Whether or not the reader may be misled means looking at the unsophisticated reader (Bates) and the assumption is going to fall in favor of the potential that someone out there reading the blog posts may be misled -- think Jethro Bodine as your potential reader when you're evaluating your publications.

The Bar Is Focused on Lawyers Misleading their Readers

The reason for bar regulation of lawyer advertising is to protect the public from being manipulated by lawyers marketing themselves in various formats: newspapers, television commercials, internet marketing, etc.  It's true that there's a profit motive in lots of web sites that enjoy protected free speech: the local newspaper's web site, for example, is published by a company operating for a profit and yet its site content is under the First Amendment free speech umbrella.

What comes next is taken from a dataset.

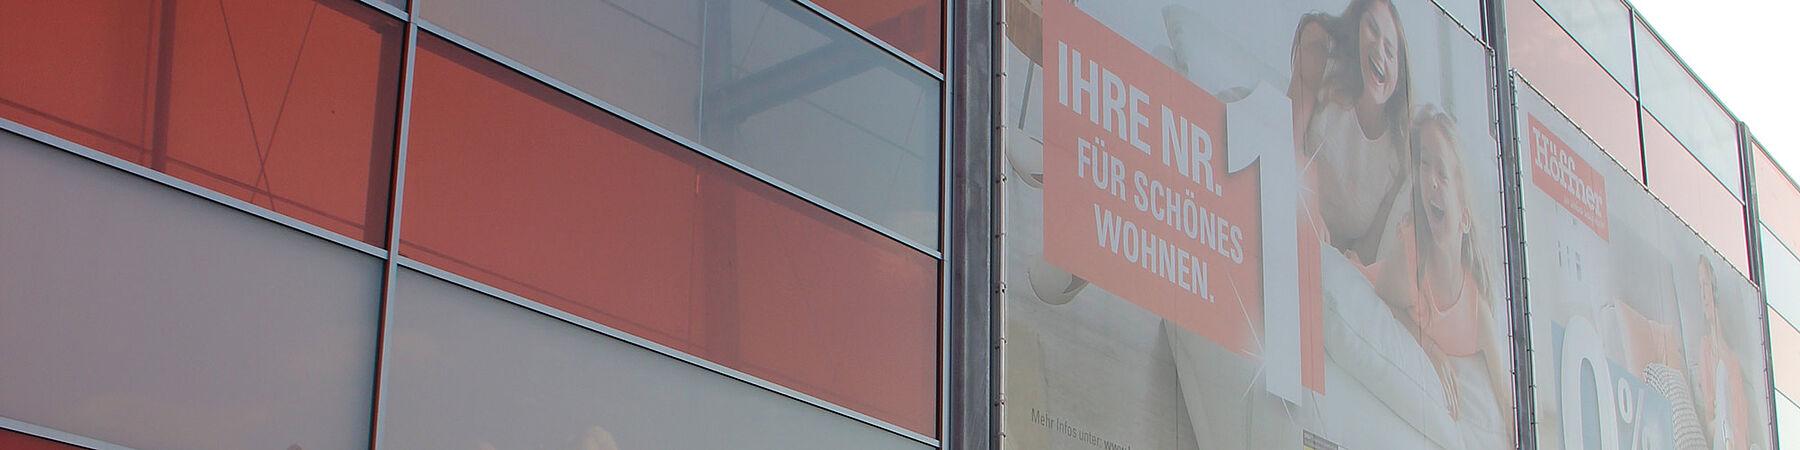 I-SYS Edelstahl Seilsysteme vorgehängte Fassade Werbefläche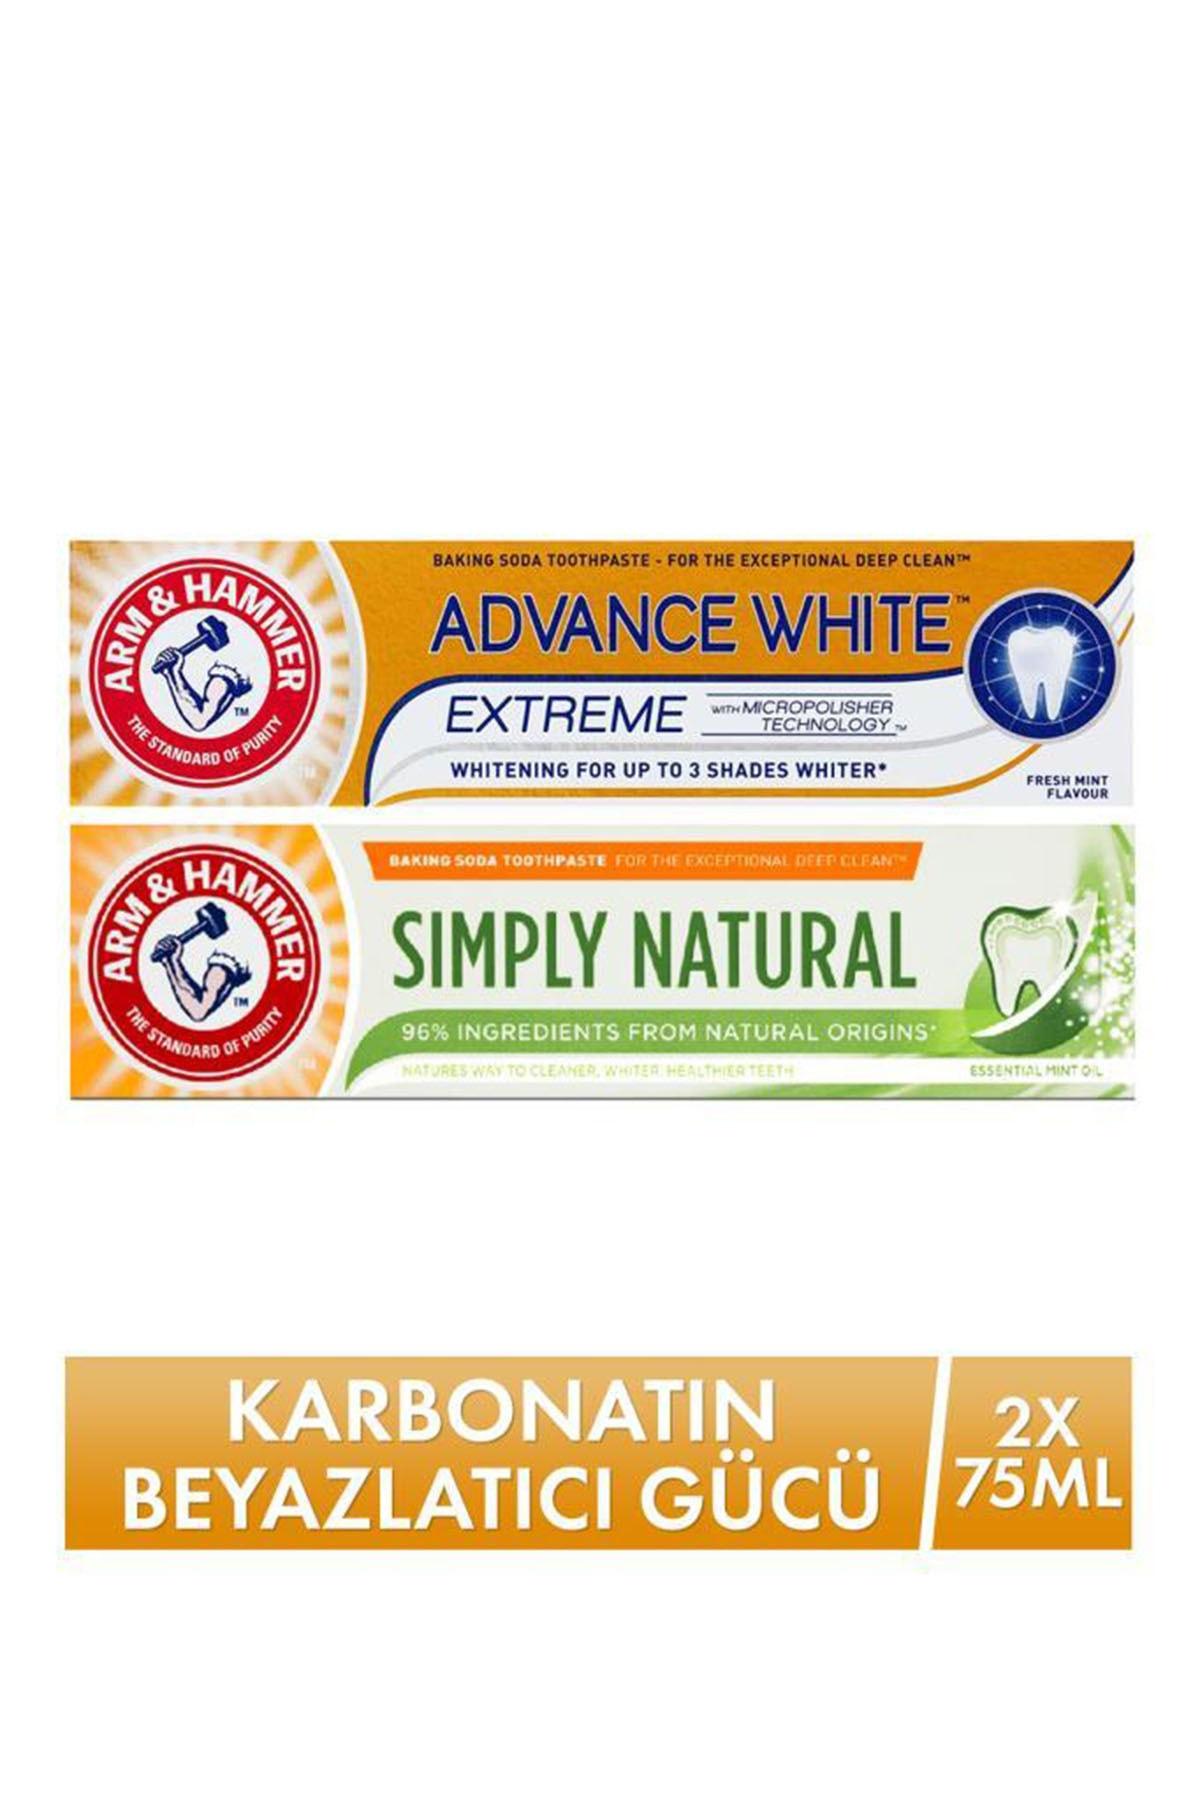 Arm&Hammer 3 Tona Kadar Beyazlatıcı Diş Macunu - Advance White 75ml & Natural Toothpaste 75ml 50107245250432

State bars, however, are going to come down on the side of regulation of the site or blog.  Consider your blog content and the design carefully.

Ask yourself this:

Would Jethro Bodine think you're selling yourself to him, even if your posts are careful not to market your practice or your firm directly?  Does having your blog attached to your law firm web site suggest that the blog is a commercial tool to get him to call the firm for a free initial consultation?  Does the design itself suggest commercial intent with things like 1-800 numbers in huge fontfaces in headings, footers, or margins?

If so, then you need to make sure that your blog (blawg) conforms to your state's advertising requirements (disclaimers, etc.) even if the majority of your content is political in nature.